The tips for this type of endurance running are:

  • You need to run at a pace at which you can carry on a conversation and at the same time run without shortness of breath.
  • It is also necessary to observe a certain speed: in twenty seconds, you should take from twenty seven to thirty steps.
  • The minimum should be to run for twenty minutes, and the maximum - up to one and a half hours.
  • In no case should you run uphill all the time, you need to alternate. Downhill running should be about half the workout time, during which the heart rate should be between 150 and 180 beats per minute.
  • Don't run too fast
  • For this type of endurance running, it is better to choose a flat surface: treadmill, highway, dirt track.

Other endurance sports

  1. In winter, you can develop endurance with cross-country skiing. This sport has a good effect on blood vessels and heart.
  2. In summer, it is recommended, in addition to running, to do swimming to develop endurance - one of the least traumatic sports, which has an excellent effect on the spine. You can also go cycling, covering long distances.

Tips for building endurance while running

Here are some tips on how you can increase your running stamina:

  • Switch to walking only if absolutely necessary.
  • Sprint races should be practiced.
  • It is necessary to do plyometrics.
  • You should alternate between light training days and heavier training days.
  • During the run, you should change the pace of the run.
  • You must have motivation, strive for a certain result.

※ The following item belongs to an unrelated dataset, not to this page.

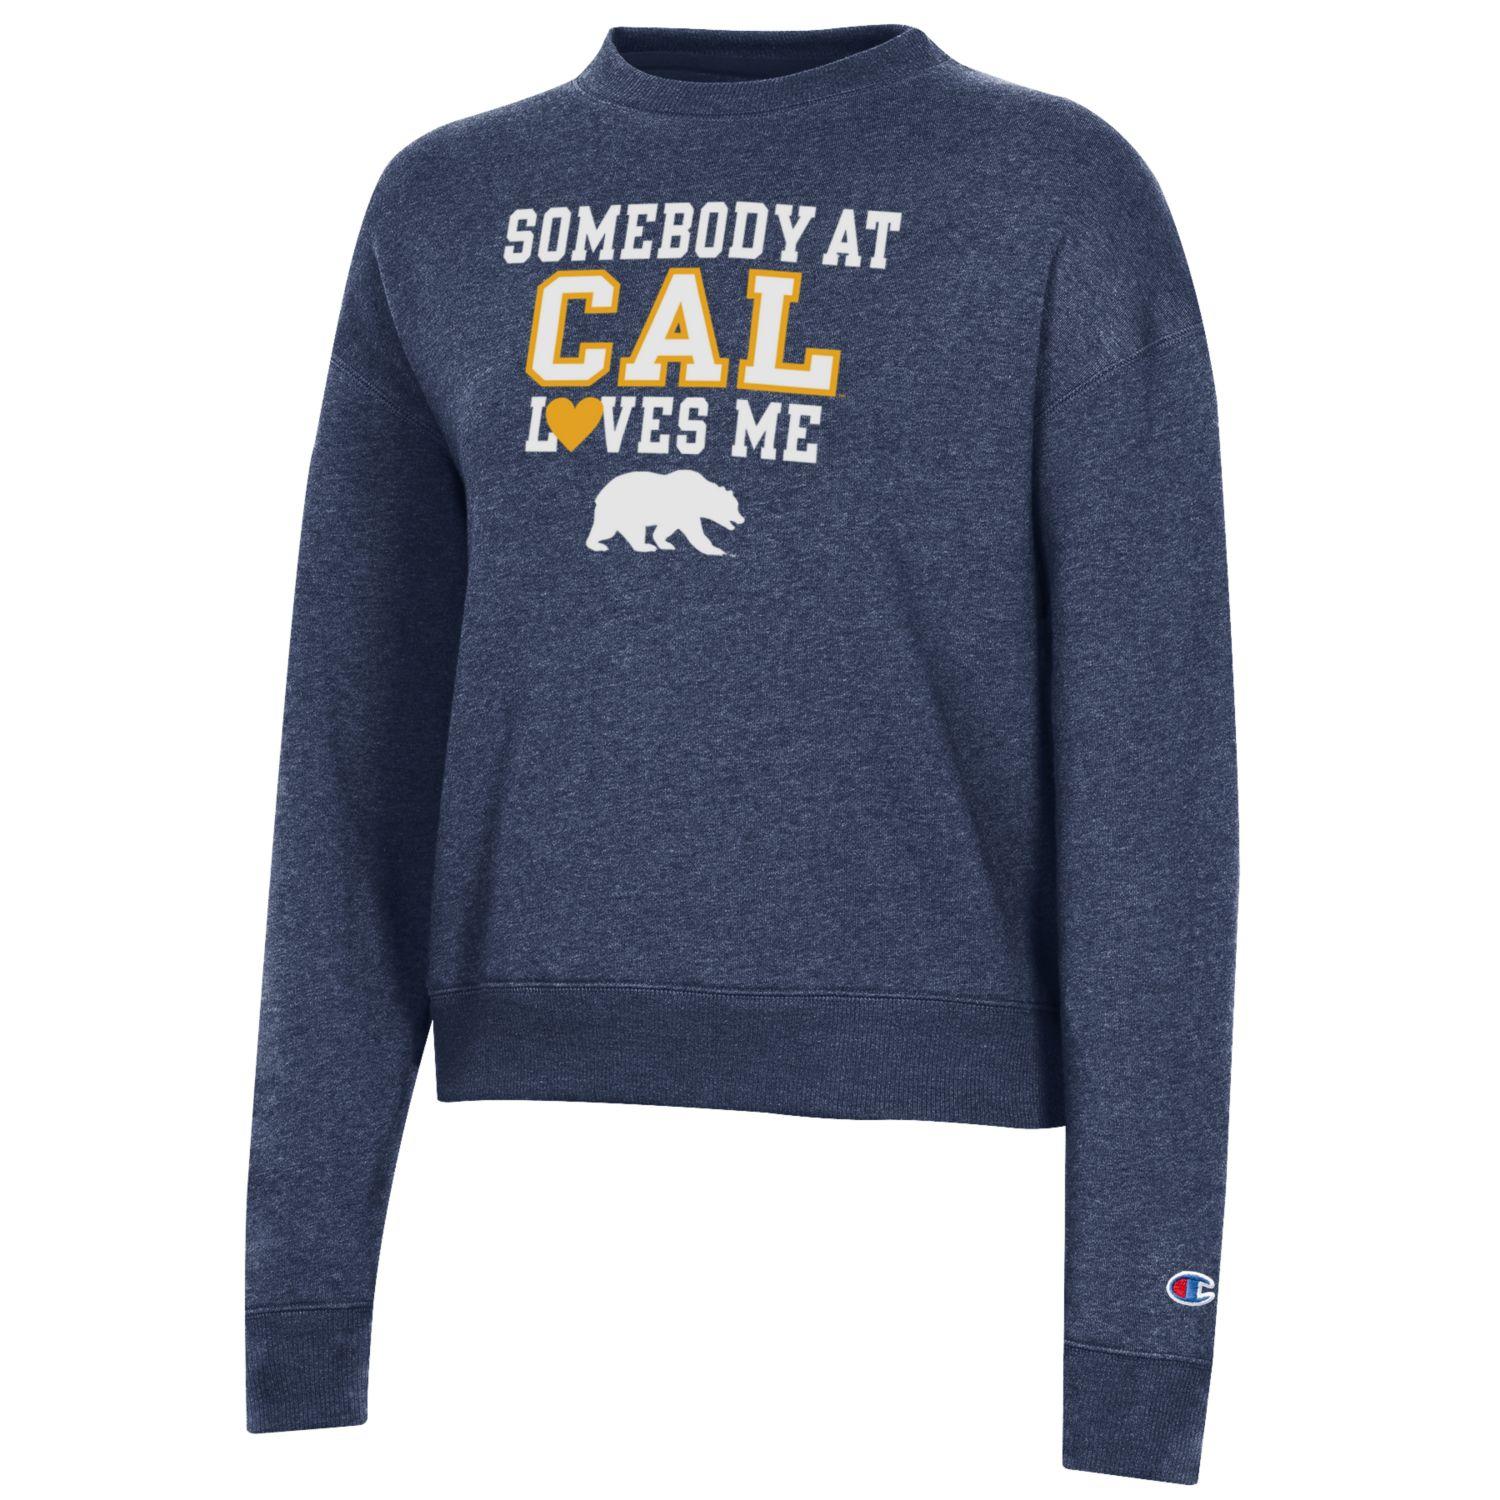 U.C. Berkeley Somebody at Cal loves me Champion Triumph crewneck sweatshirt-Navy-Shop College Wear
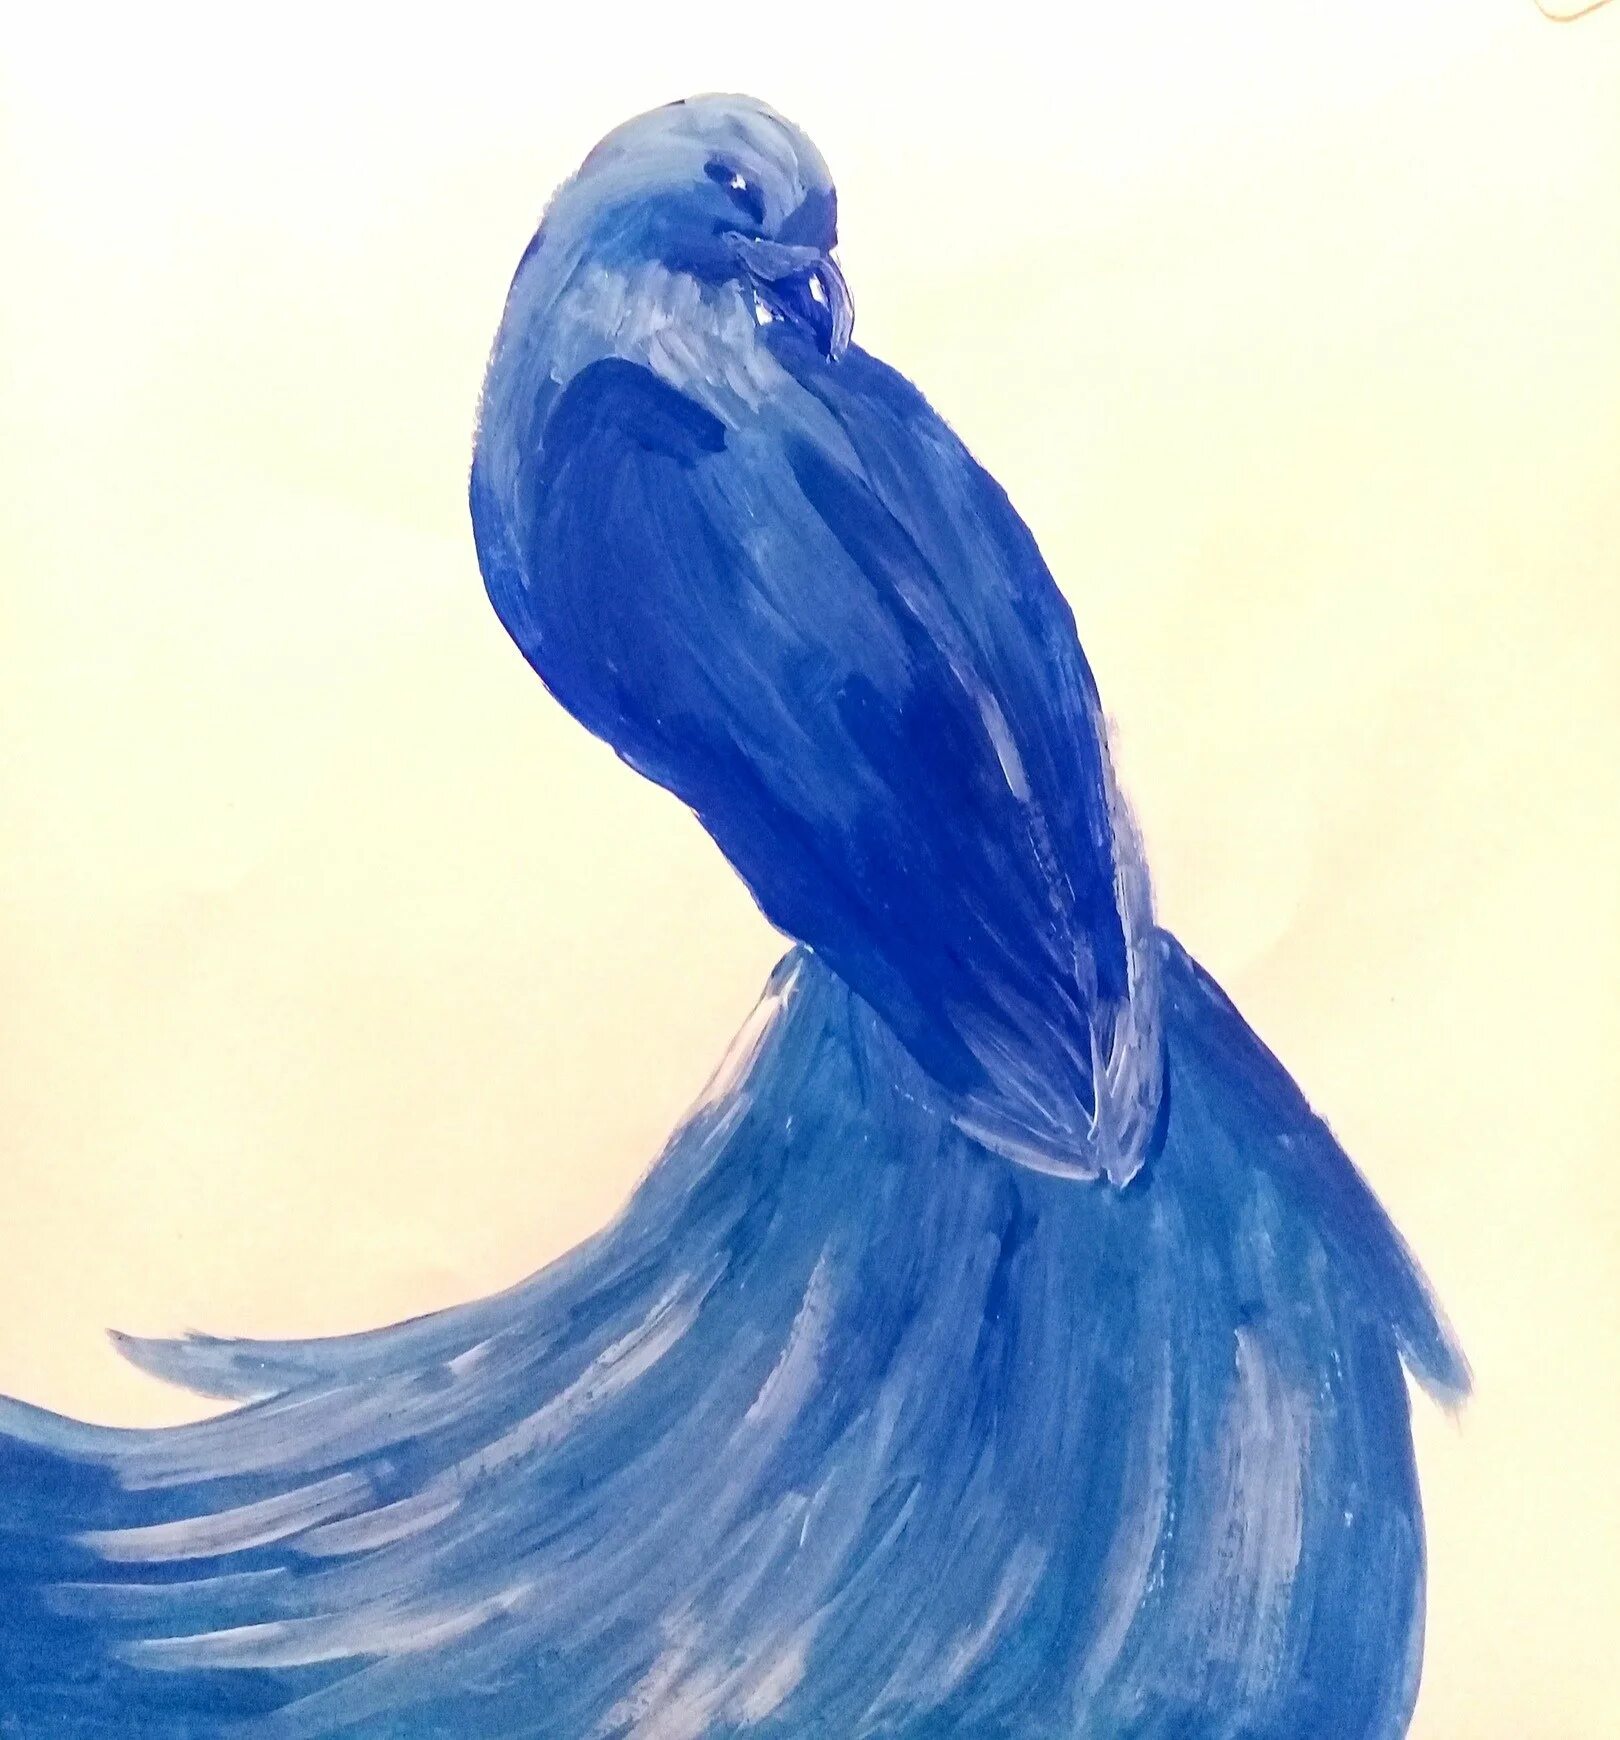 Синяя птица д. Синяя птица Метерлинк. Синяя птица Метерлинк рисунок. Метерлинк синяя птица, царство будущего. Синяя птица Морис Метерлинк иллюстрации.

Set a goal for yourself - and strive for it.
  • After warming up, do a few stretches after warming up.
  • If you participate in competitions, try to become the "tail" of a stronger runner and run after him as long as possible without thinking about fatigue.
  • If, for some reason, you don't have enough air, start breathing through your mouth to increase the oxygen supply.
  • A quality running shoe with a good instep insole is one of the most important things for a runner.
  • Go for a run with a bottle of water and a dampened towel to cool off during your workout.
  • If you have asthma or other illnesses, take an inhaler with you when you run. You can also alternate between running and walking.
  • If you smoke, quit!
  • The workout itself should start with a brisk walk, and then move on to running.
  • If you choose areas with beautiful scenery for running (for example, parks), running will be more comfortable and more interesting.
  • Plan a task for each workout (for example, to cover a specific distance) and do not finish running until you have completed everything.
  • Invite friends and like-minded people with you to workout - this will increase motivation and make training interesting.
  • Exercising with friends will encourage and support you.
  • It is better to end the workout with stretching.
  • In order to develop endurance, in no case should you overload the body with excessive loads, and you should also not allow chronic fatigue.
  • If you feel very tired, weak, lethargic, it is better to stop training, or at least reduce the load.

As a conclusion

Willpower and endurance can be developed both by yourself and with the help of professional trainers. This will definitely not hurt both amateur beginners and seasoned and experienced runners. In addition, proper running technique must be followed.

To significantly increase endurance while running, you just need to regularly train, adhere to the planned plan and strive to reach certain heights, and then an excellent result will not be long in coming.

Watch the video: Kenya Form Running (July 2025).